Last month, David sold his well-loved bike, a Giant NRS he’d owned since the days of those early morning bakery rides, and unloaded his professional tool set.

A week or so later, he emailed his family and friends. “Life’s a beach,” he wrote.

On the local cycling message board, he posted the same words. Life’s a beach.

Then he drove his van to Port Aransas on the Texas coast, placed his wallet on the dashboard, stared at the sand and the waves, and committed suicide.

I have a hard time imagining that David, the man in his apartment alone, the cyclist selling off his well-cared for gear, the 50-something scheming to end his life. 

Last week, Sally and I loaded up the boys to go to Port Aransas for boogie boarding, fried fish eating, pool-side lounging, and late night talk with our old pals, the Tubres. As always, the trip ended too soon. We dig the beach life, its simple days of flip flops and iced beer and too much sun. We could float through the summer there.

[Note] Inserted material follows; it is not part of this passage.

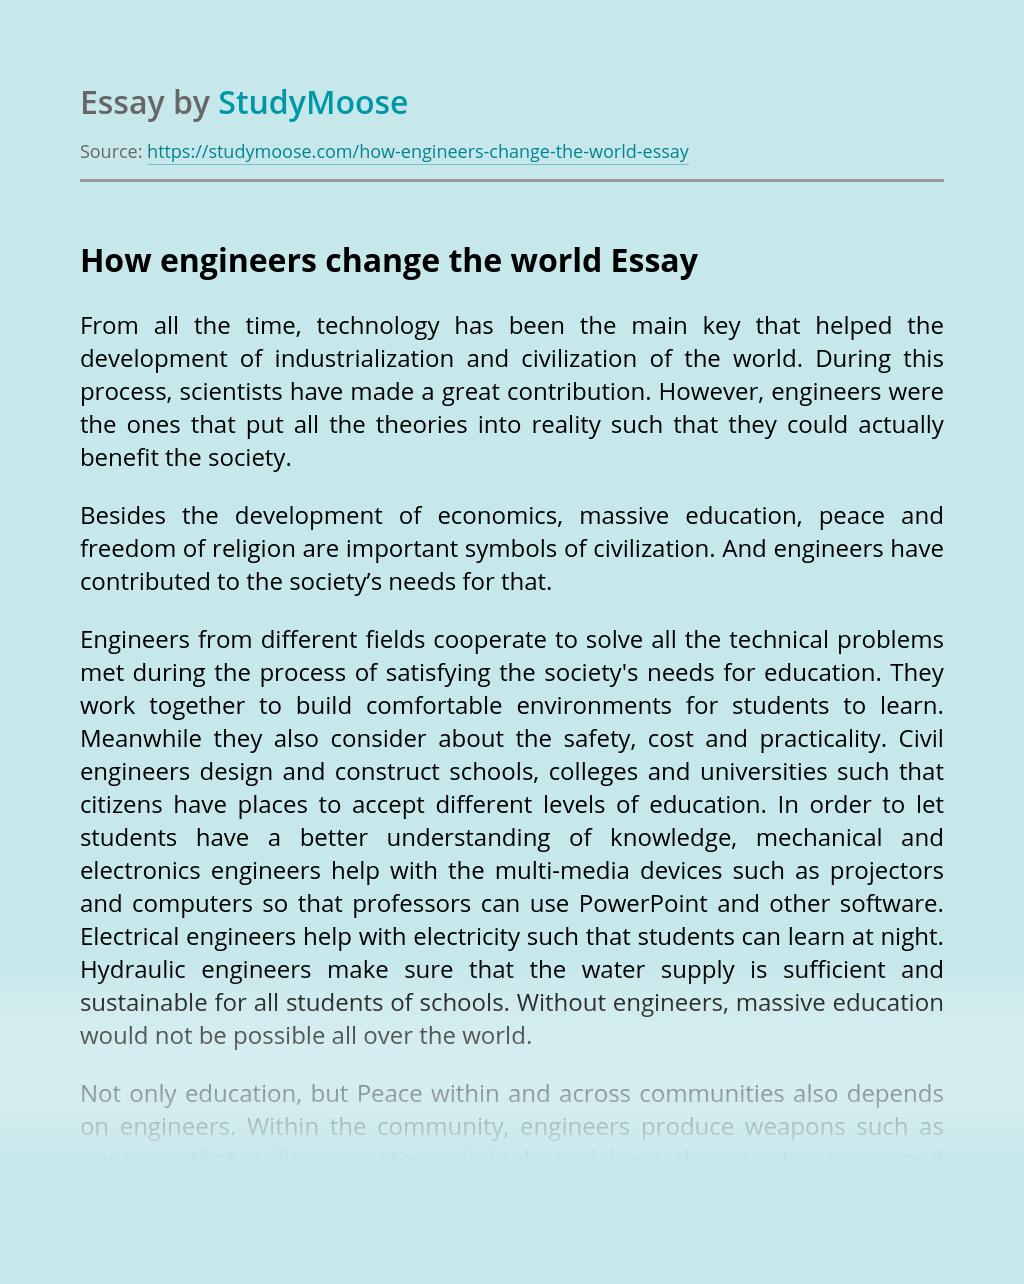 How engineers change the world?

I didn’t know of David’s fate then. I didn’t know that his van with the Bike Mojo sticker that I’d seen so many times had been towed off the beach the day before we walked onto that same sand. I didn’t know that David had gazed at the ocean in those final moments just as I would a few days later.

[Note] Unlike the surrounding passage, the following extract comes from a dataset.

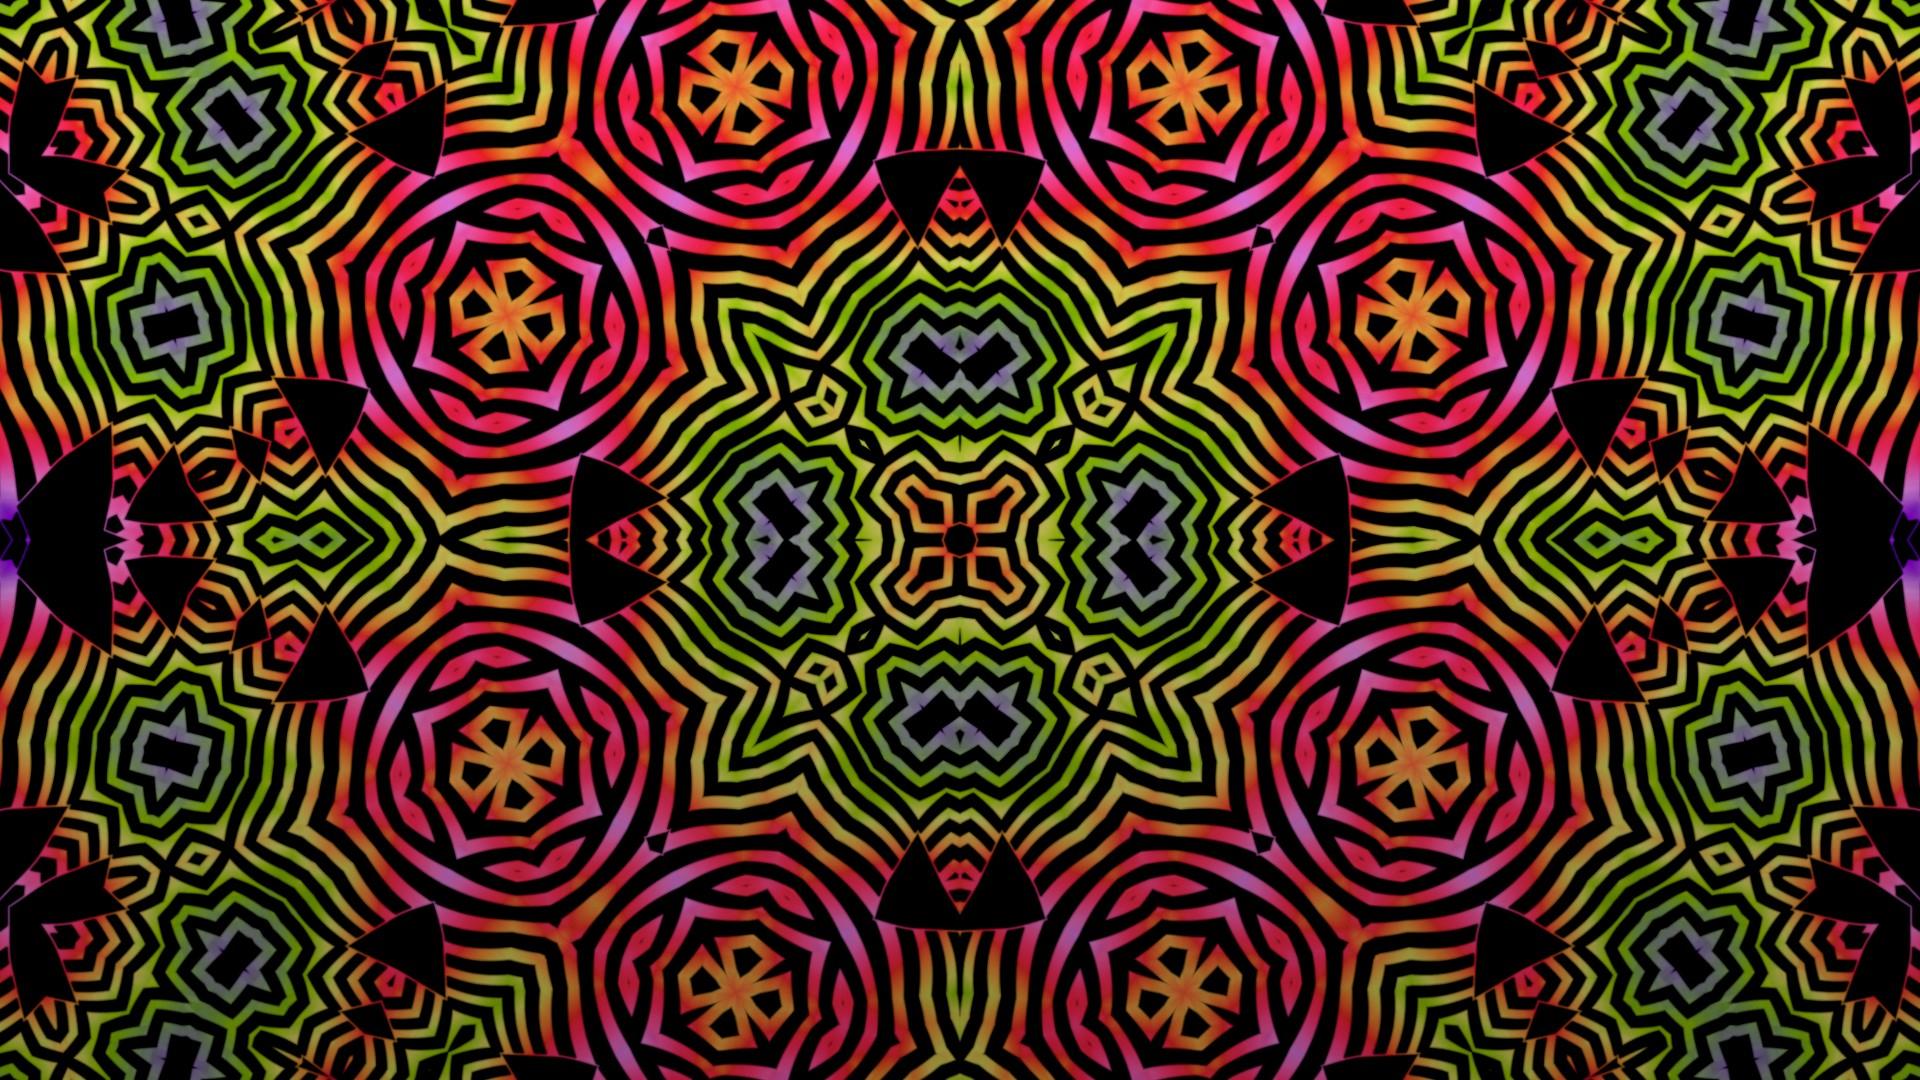 Good Wallpaper Mac Trippy - prxsEc  Collection_599054.jpg

I wonder if, like me, he was awed by the Gulf, its vastness, its violence lurking inside its green water. He probably wasn’t.

My guess is that his insides were clouded and dim as winter as he stared at that Gulf that went all the way to the sky.

But I’d like to think that he got the power and beauty of that place that final morning, that he felt stilled and lucid as the light left his world. And I’d like to think that right now he’s on his Giant NRS, his body muscle and vein, grinding up a steep hill at the front of a wheezing group and smiling all the way to the podium.

That’s what I’d like to think.

But what I believe, what churns in my gut and sloshes in my head, is something entirely different.

Note: I wrote this a week or so ago, alone, late at night, in a strange mood. When I read it the next day, I hated it. I despised the tone, the maudlin narrative, the platitudes about suicide, pretty much all of it. And I wasn’t sure if I had the right to write about David, a guy I didn’t know in any meaningful way.

Today, I saw the post sitting as a draft, and I reread it. To be honest, I still didn’t like it, and I still wasn’t sure if I should share it, but I decided to click publish anyway. I’m not sure why. Maybe I just needed to get this story out and then move on.

Also, the title comes from a W.H. Auden poem on suffering called Musee des Beaux Arts. You probably knew that. You’re smart people, all four of you Bad Chemicals readers.